I agree with the patch outcome. I think the reasoning is simpler
because peeling for gaps applies to the scalar iteration IV but
with multiple exits an upper bound can effectively apply to a
different exit and thus a different "IV" we cannot simply adjust
an existing upper bound as if it were a bound for the scalar iteration IV.

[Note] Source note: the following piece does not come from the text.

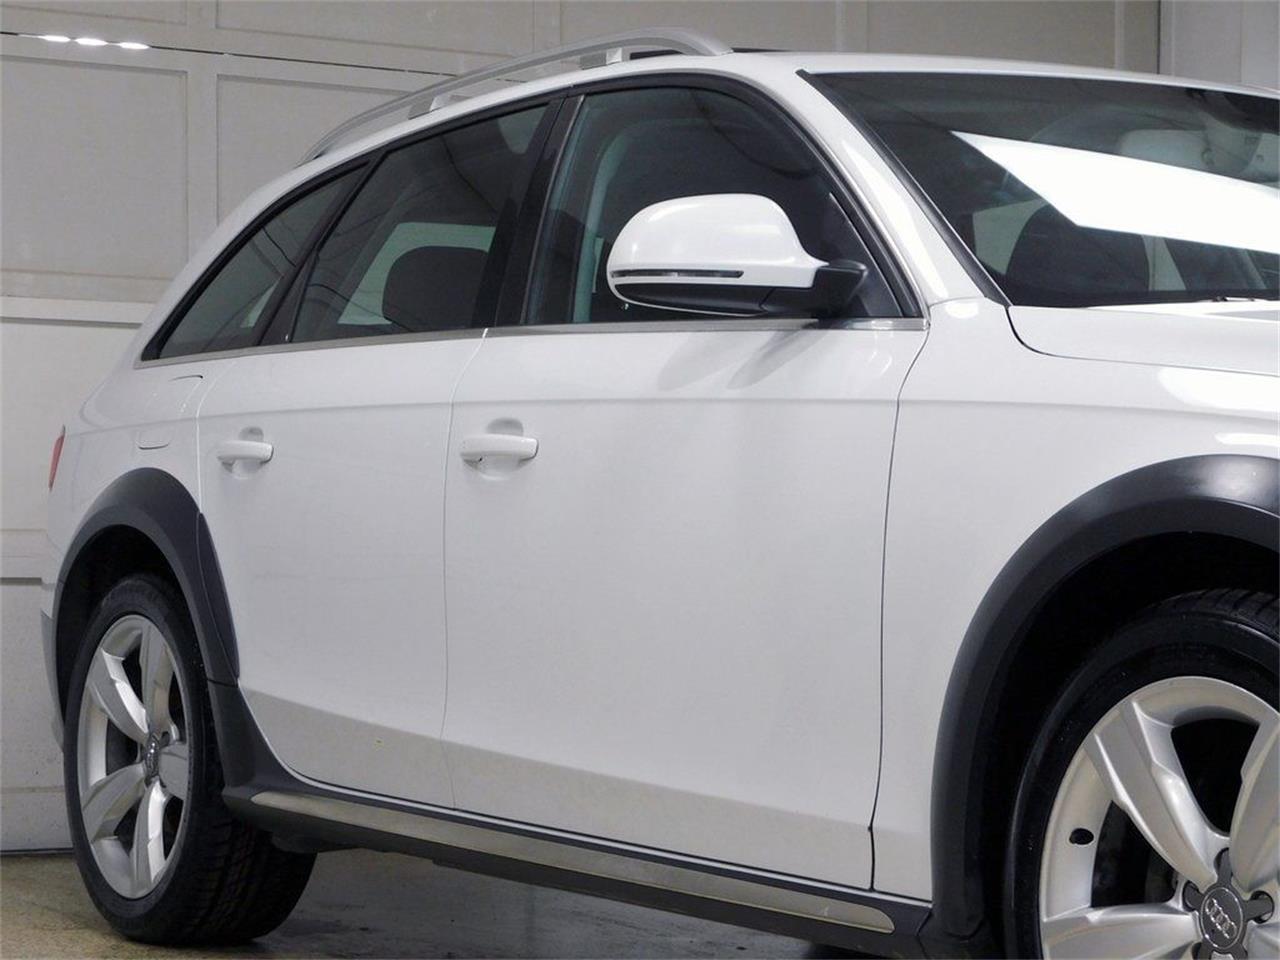 2013 Audi A4 (CC-1419287) for sale in Hamburg, New York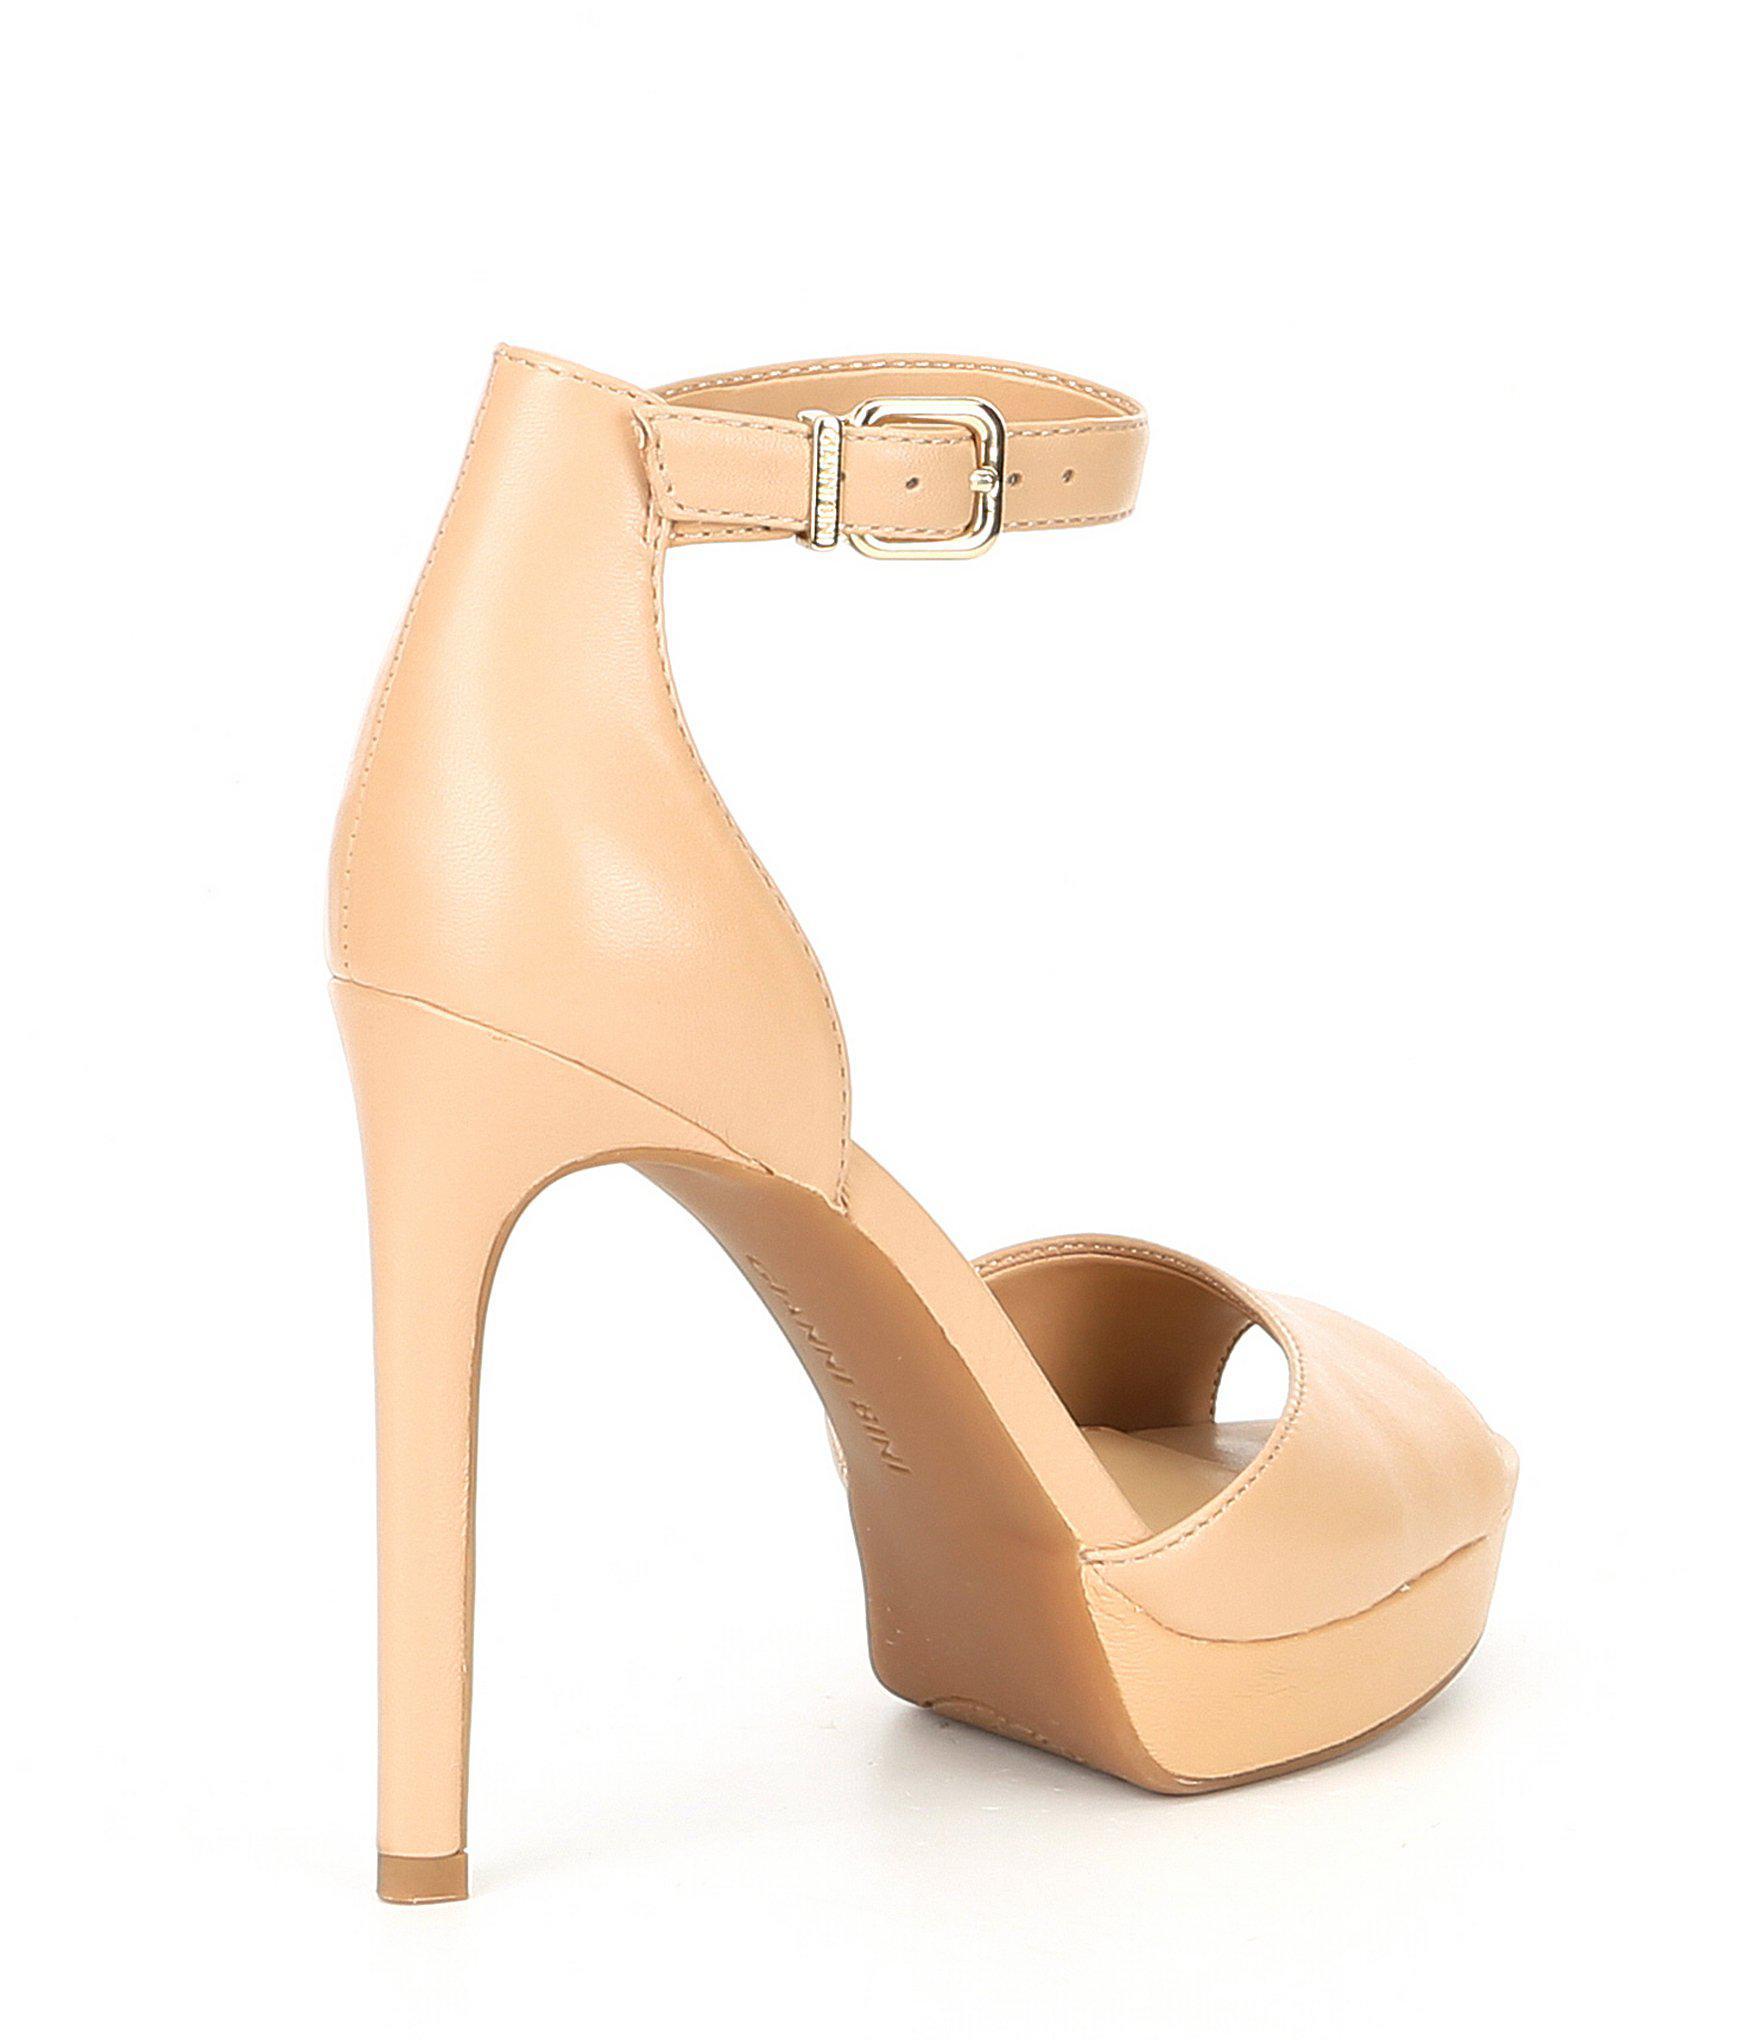 e9d25612d Gianni Bini Austinne Platform Dress Sandals in Natural - Lyst

So I think we should word it like the following. Can you pick that
up and also add the other testcase I produced?
OK with those changes.
Thanks,
Richard.
diff --git a/gcc/tree-vect-loop.cc b/gcc/tree-vect-loop.cc
index 3ffcac8c613..c728856079b 100644
--- a/gcc/tree-vect-loop.cc
+++ b/gcc/tree-vect-loop.cc
@@ -12152,14 +12152,14 @@ vect_transform_loop (loop_vec_info loop_vinfo,
gimple
*loop_vectorized_call)
bool final_iter_may_be_partial
= LOOP_VINFO_USING_PARTIAL_VECTORS_P (loop_vinfo)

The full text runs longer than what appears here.